初動時、つまり発災直後の数時間内に起きた出来事を対策本部や事務局に報告・共有する初動フェーズ訓練では、ポータルサイトに掲出される報告内容の字面と担当者の声を、リモートを通じて見聞きすることになります。実際の報告内容はヒト、モノ、ジョウホウの損傷ですが、初動時のBCP活動は人命優先ですから、報告を受ける側はヒトを中心とした報告がすんなり入り、指示を出しやすいことはいうまでもありません。

一方、BCPフェーズ訓練になると事は複雑です。製造業や流通業など、工場や配送センター、倉庫、支店、営業所が多いと、各拠点からの報告内容は事業(復旧)要素の高い項目が多くなり、聞く側(経営層)は非常に混乱します。

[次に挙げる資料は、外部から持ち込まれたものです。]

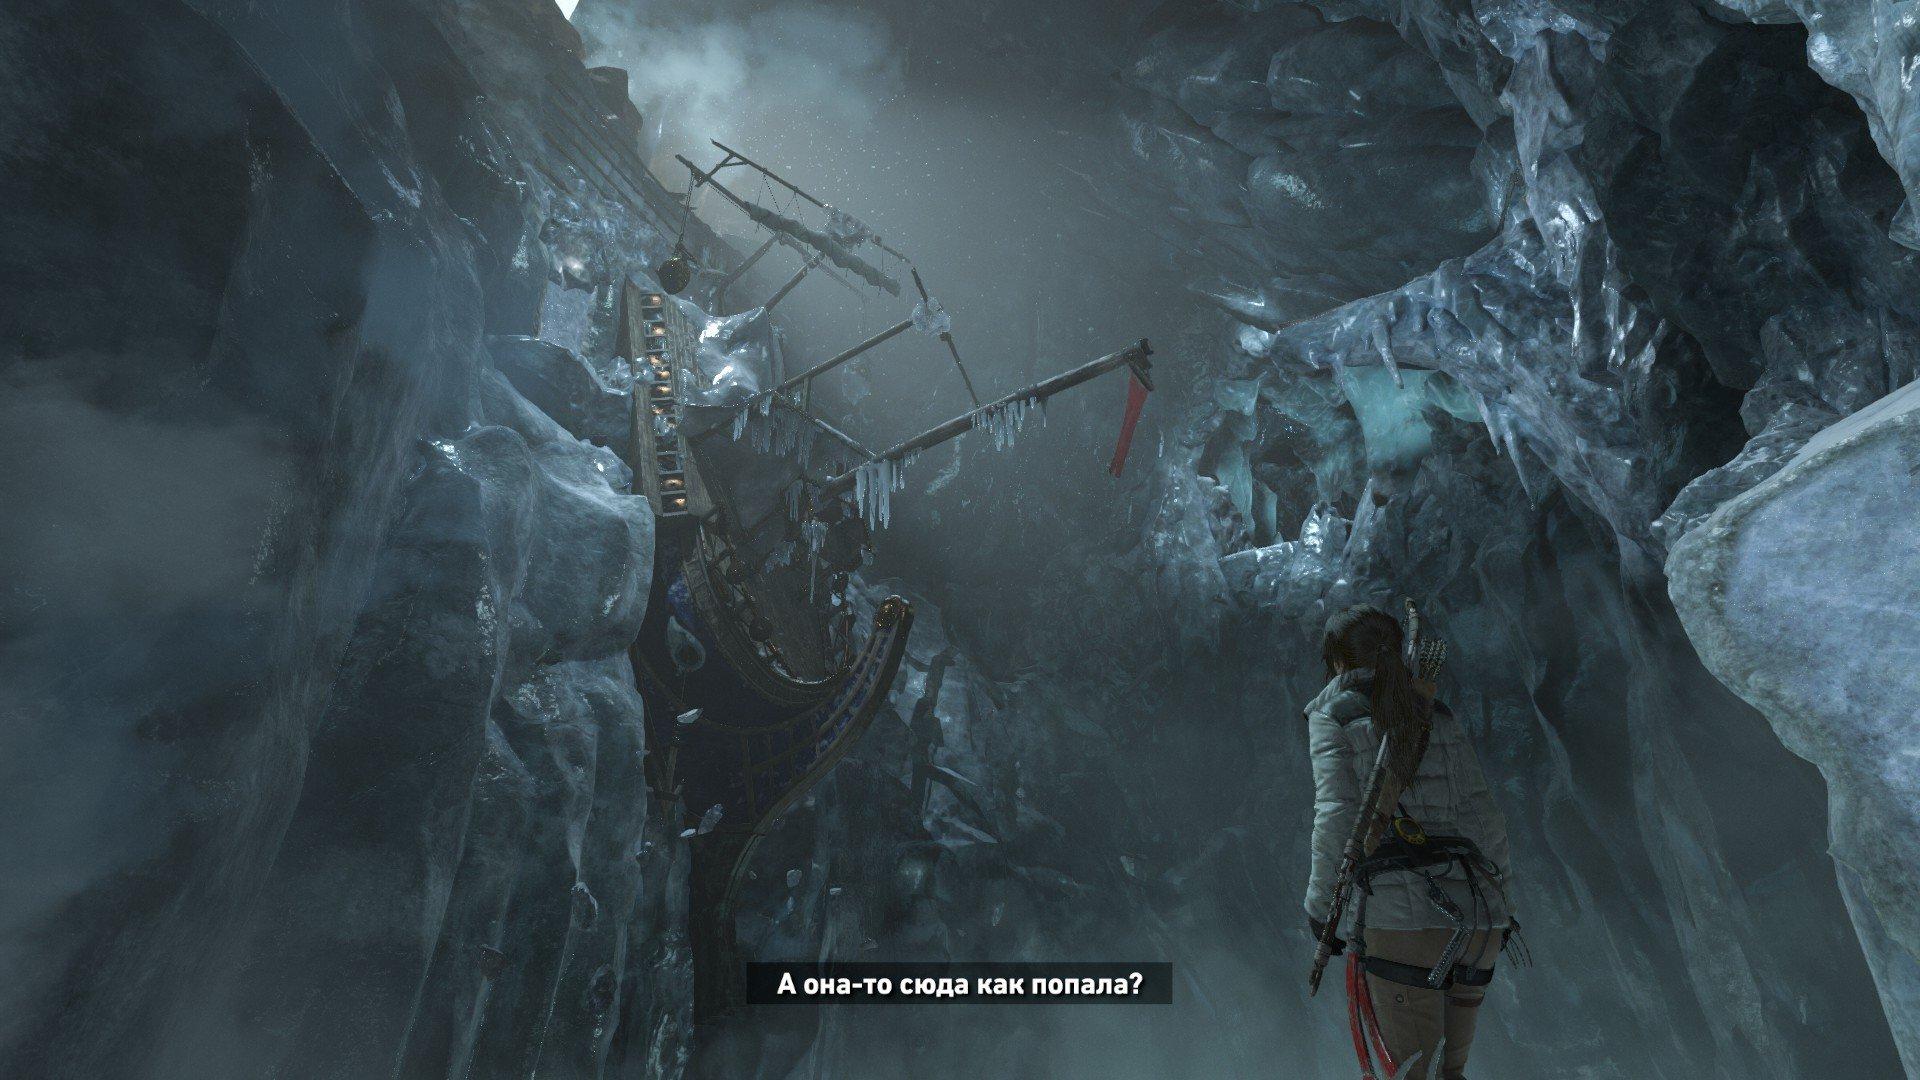 Rise of the Tomb Raider или да когда же этот медведь сдохнет?. - Изображение 35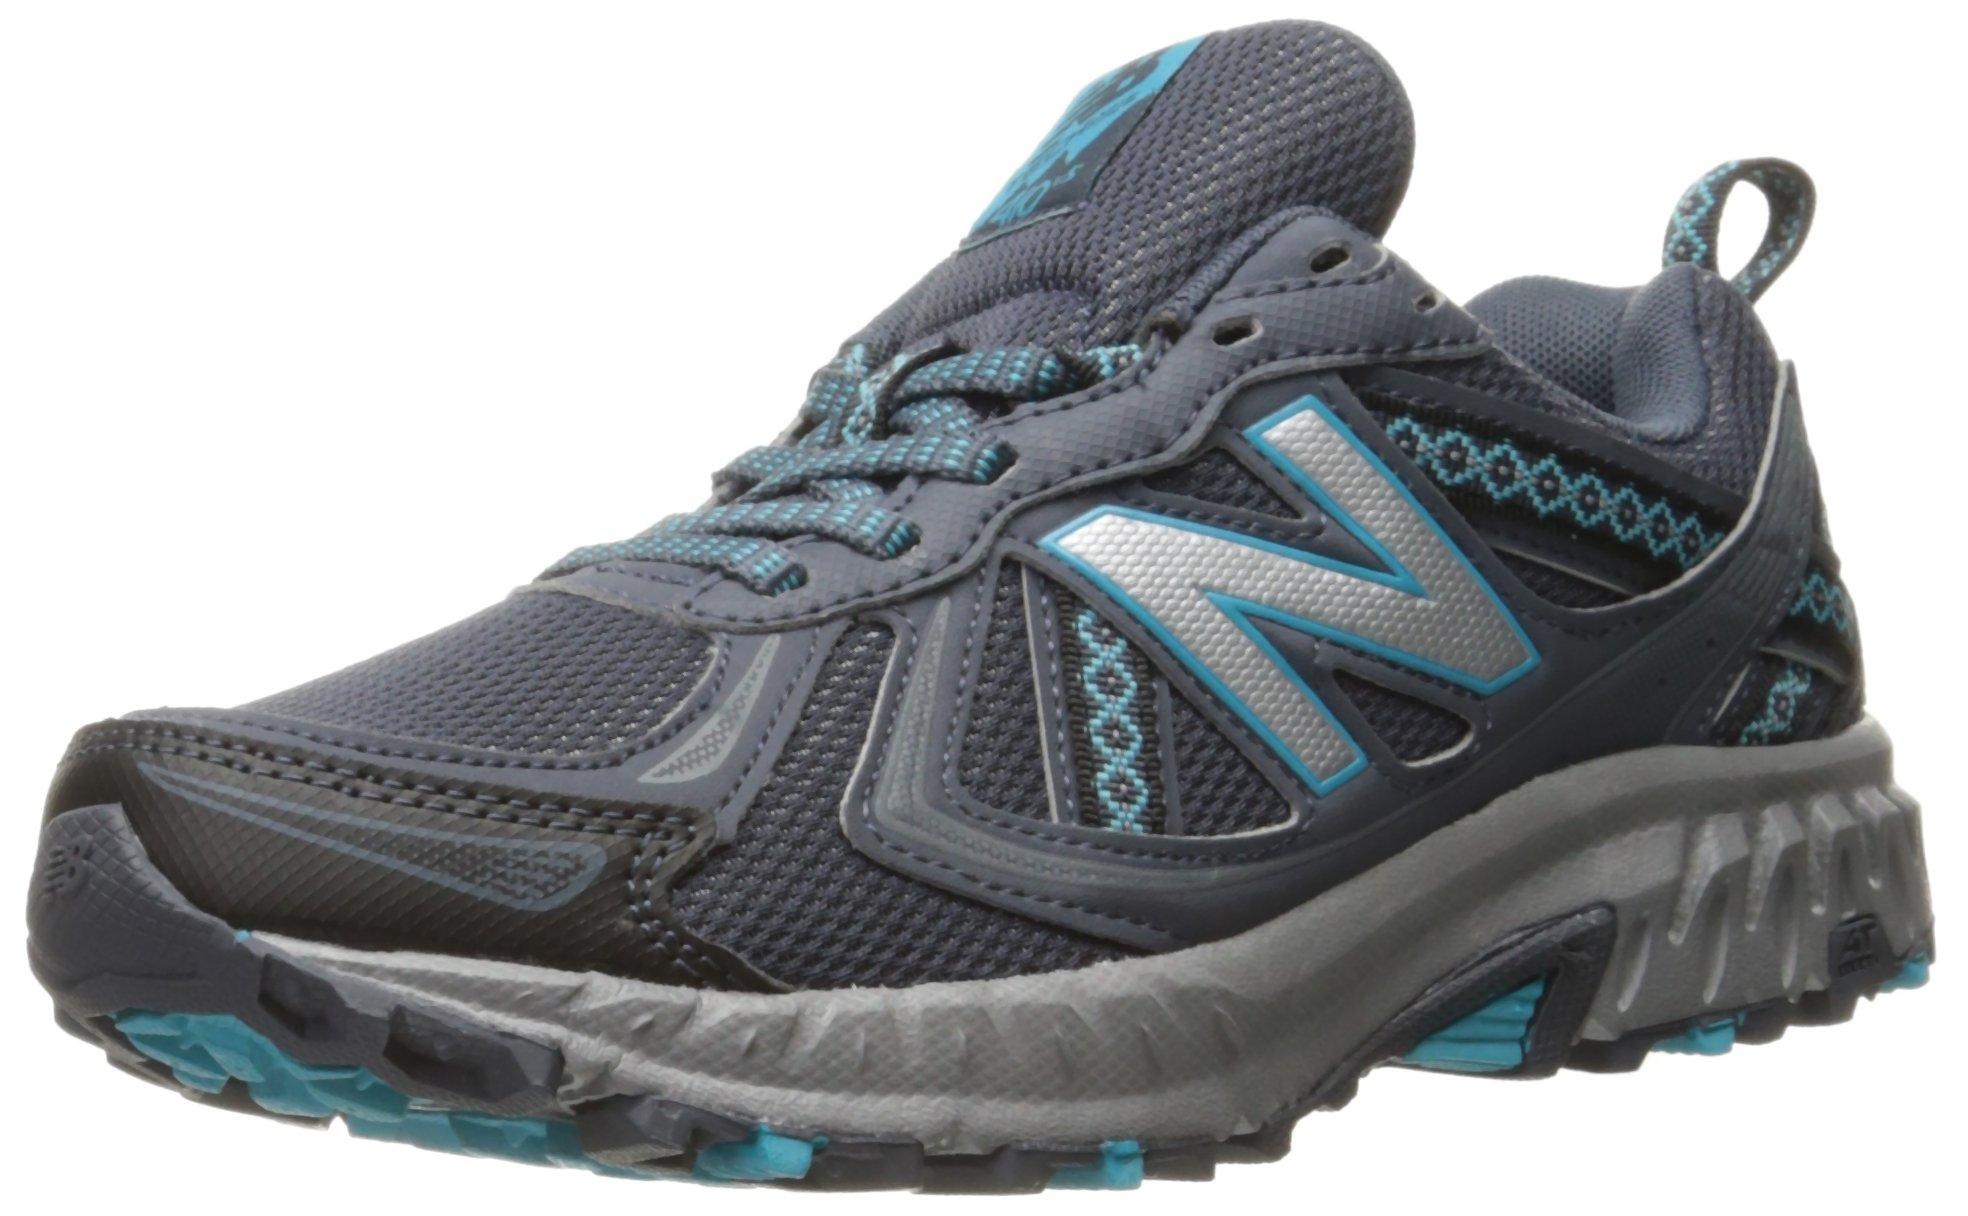 New Balance Women's WT410v5 Cushioning Trail Running Shoe, Grey, 6.5 B US

経営者は一国の大統領的思考が求められる(写真:写真AC)

BCPフェーズではヒトの問題がある程度クリアになっているので、モノとジョウホウに関する莫大な報告を受けることになります。経営層は事業継続のために、何が重要で、何をあきらめ、何を優先し、組織やモノをどう動かすか、大量の情報から素早く判断しなければなりません。いわば一国の大統領的思考が求められるわけです。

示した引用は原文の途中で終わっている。